• _Supplied material_
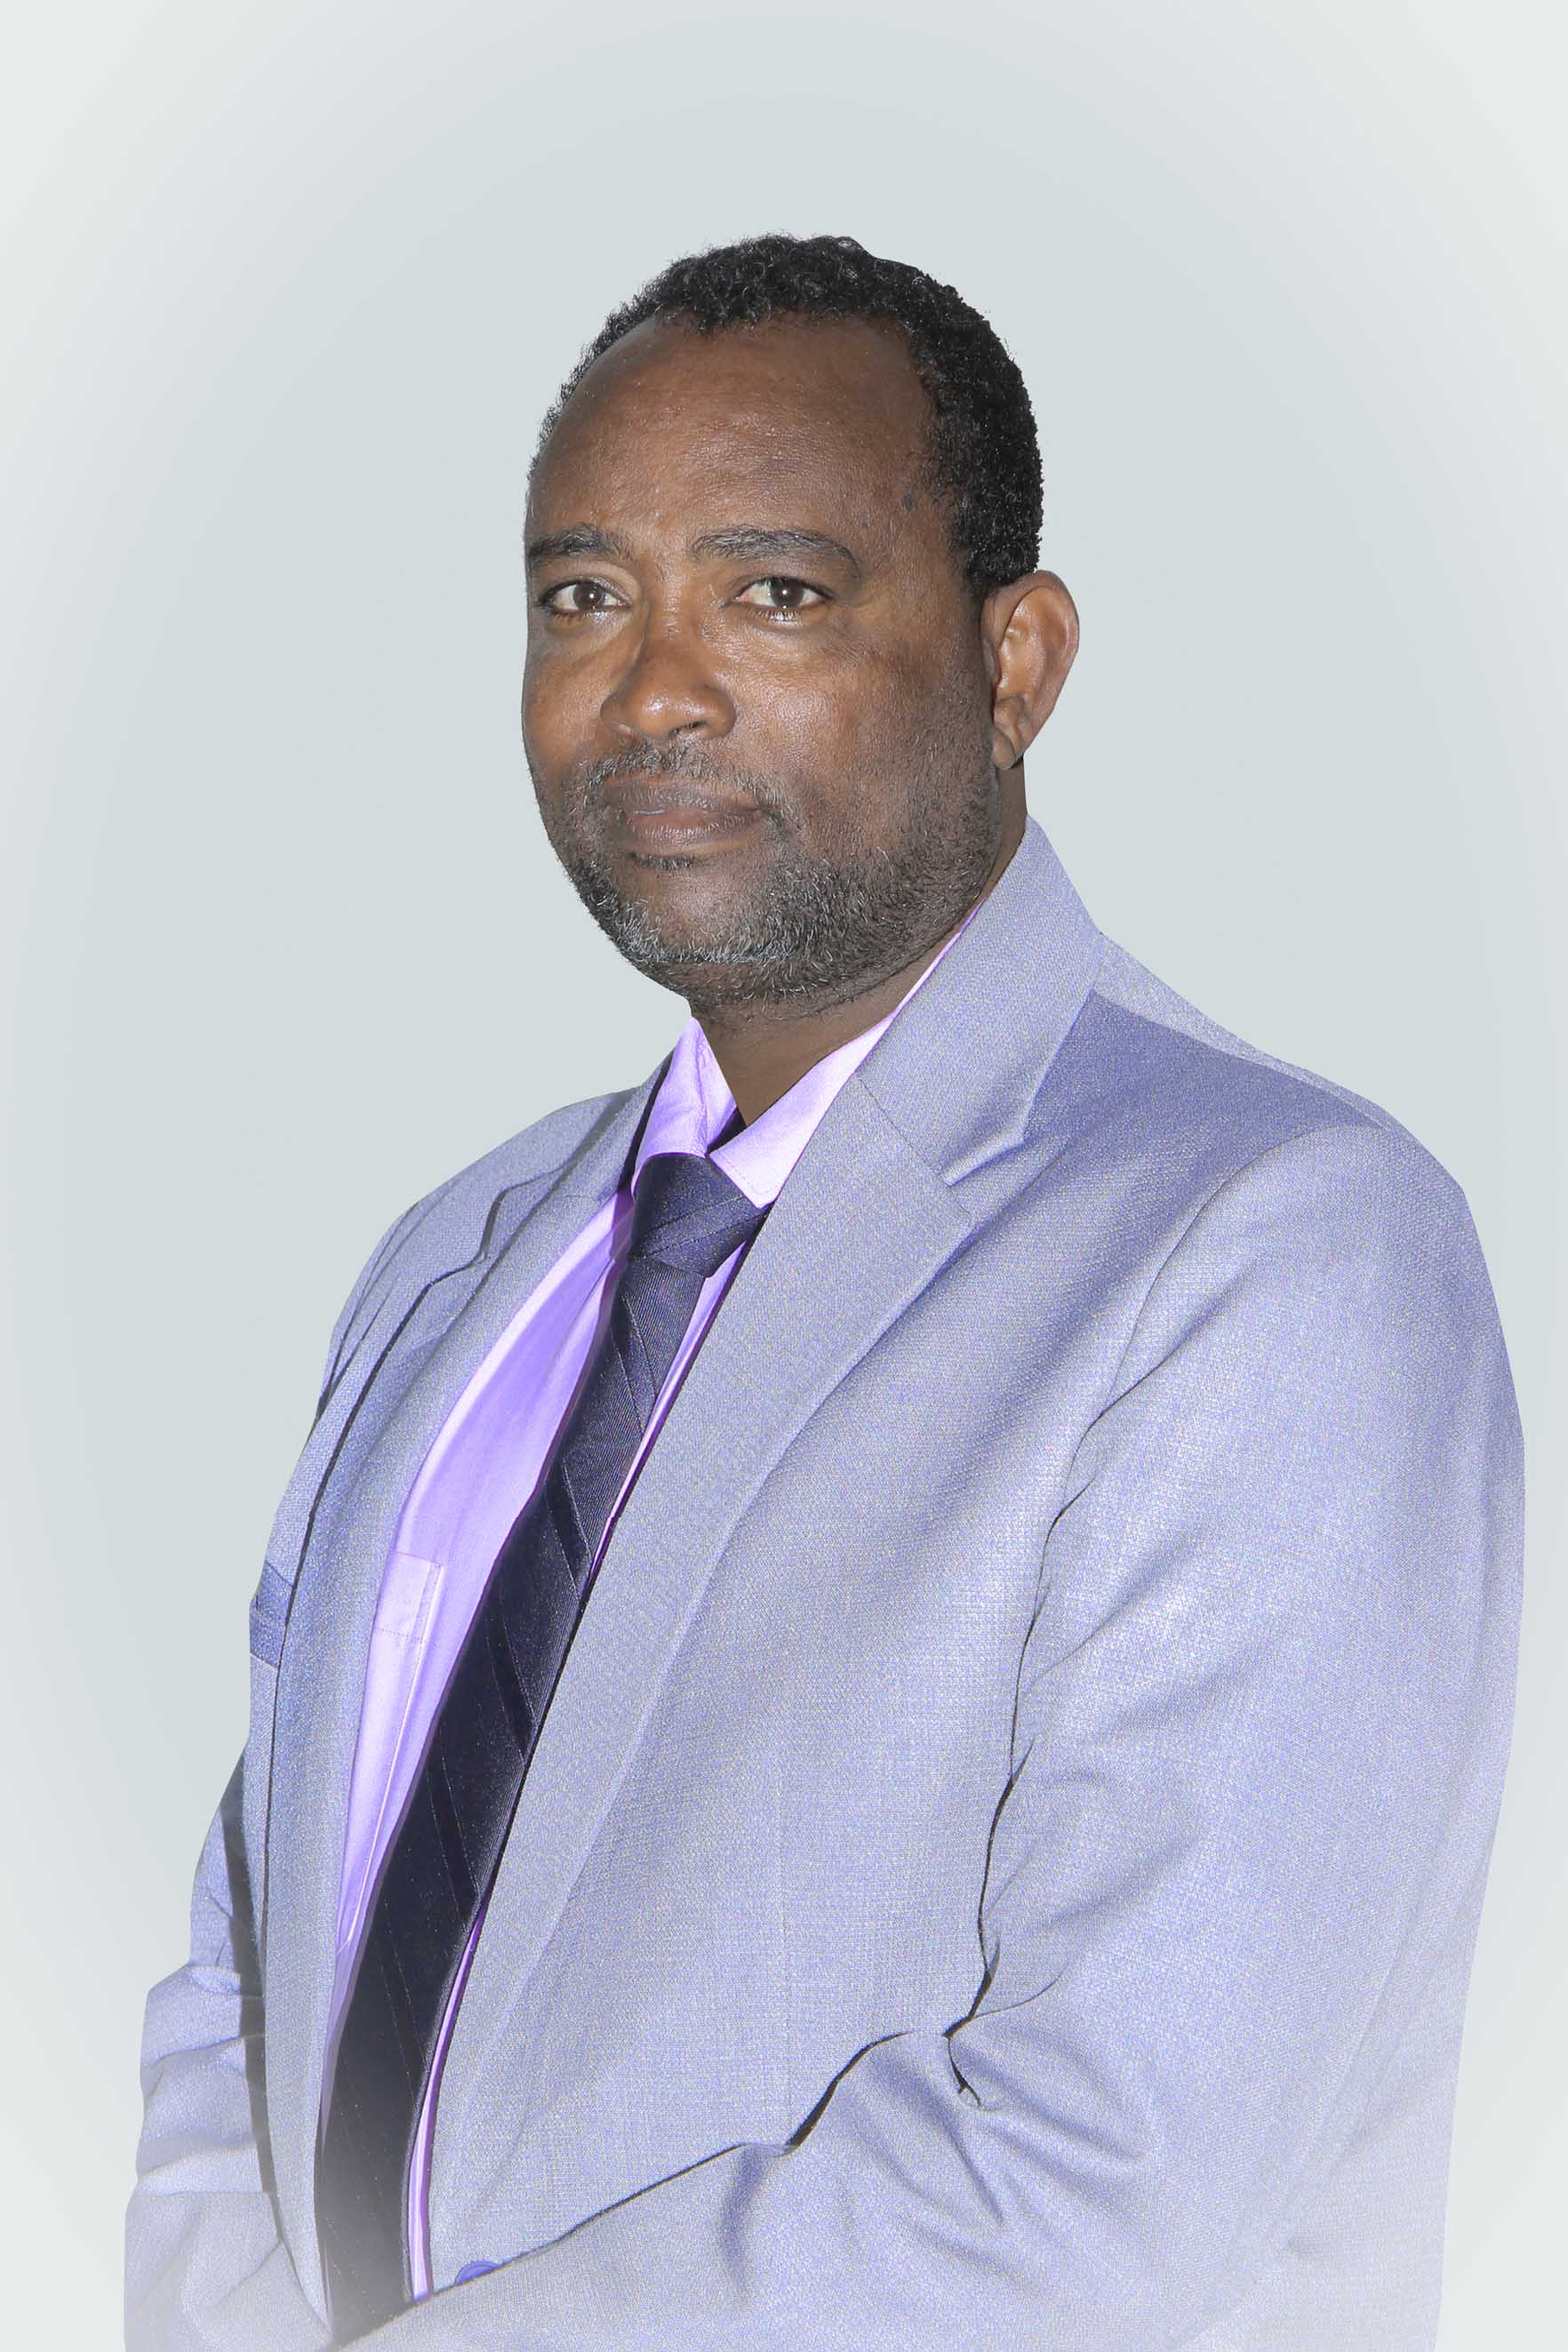 Mr. Bedilu Hailemariam
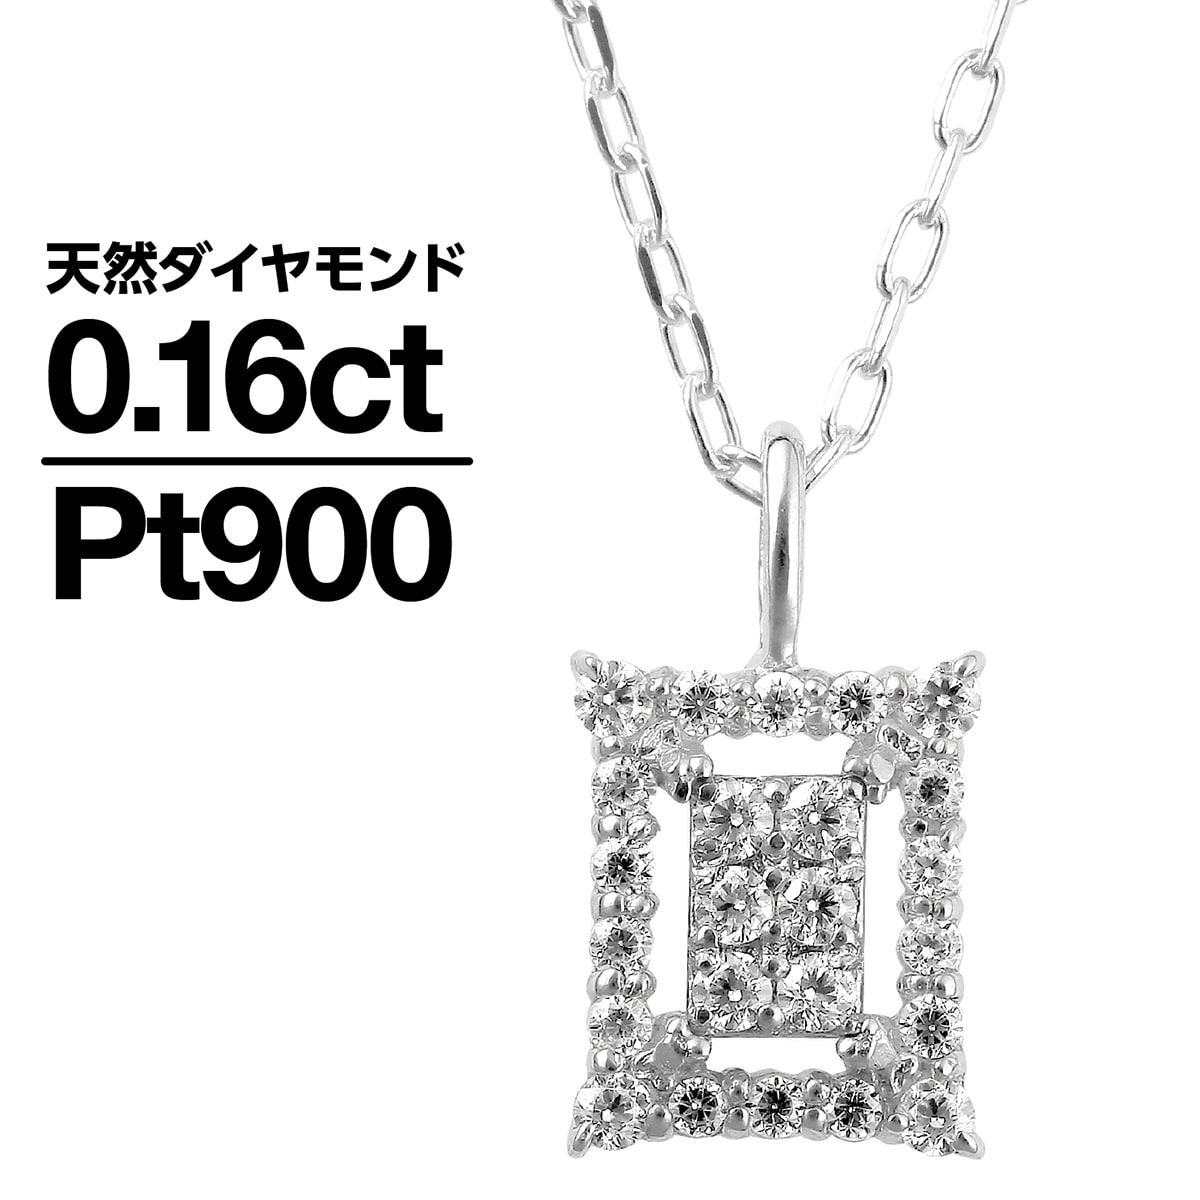 売店 ネックレス ダイヤモンド プラチナ900 天然ダイヤ 品質保証書
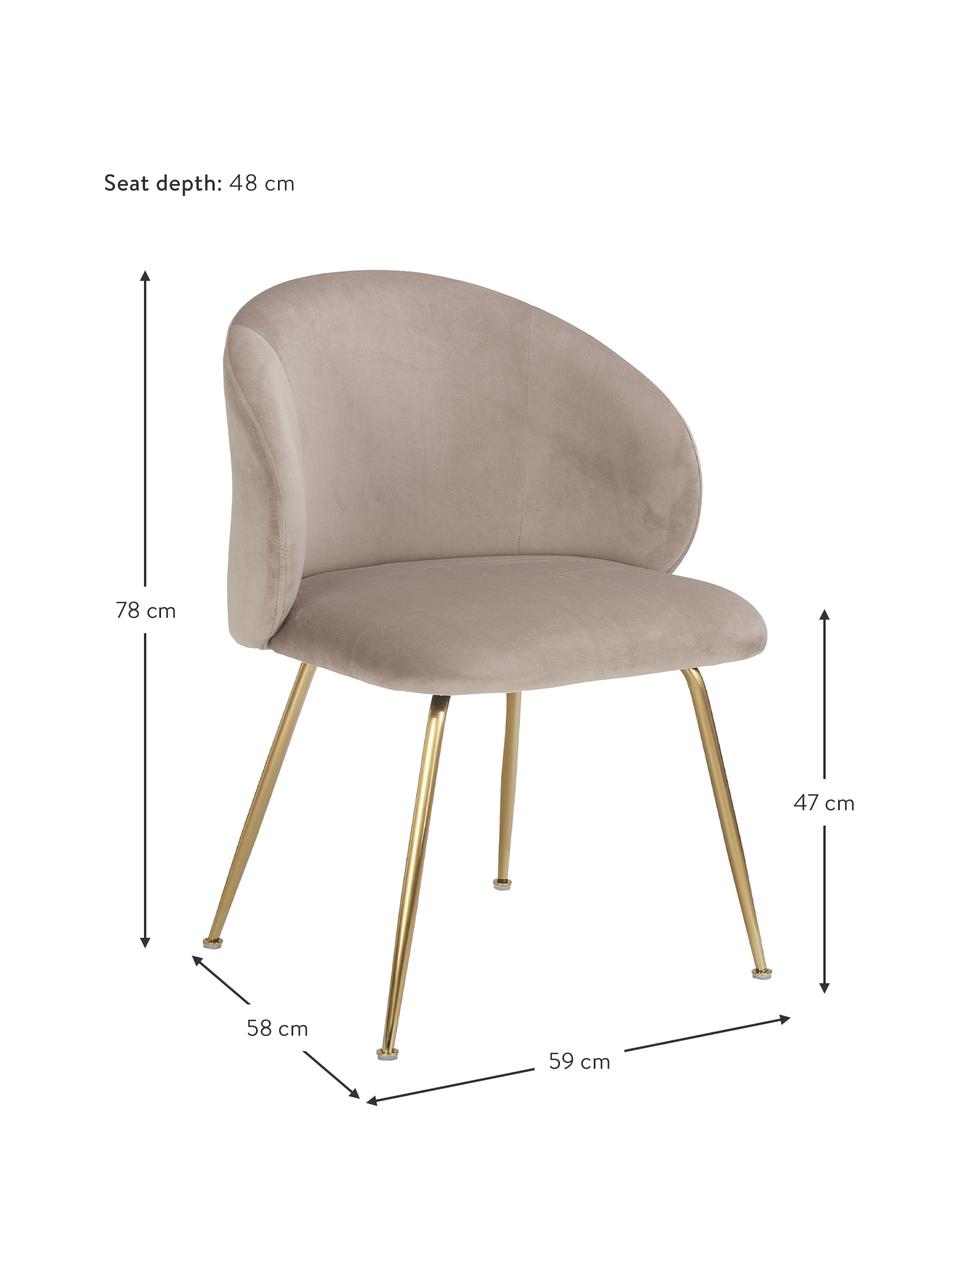 Fluwelen stoelen Luisa in taupe, 2 stuks, Bekleding: fluweel (100% polyester), Poten: gepoedercoat metaal, Fluweel taupe, goudkleurig, B 59 x D 58 cm

• _Directions_
Your response must consist of the material above, reproduced word for word, with the images omitted.

• _Exercise output_
 Mr. Bedilu Hailemariam
 売店 ネックレス ダイヤモンド プラチナ900 天然ダイヤ 品質保証書
 Fluwelen stoelen Luisa in taupe, 2 stuks, Bekleding: fluweel (100% polyester), Poten: gepoedercoat metaal, Fluweel taupe, goudkleurig, B 59 x D 58 cm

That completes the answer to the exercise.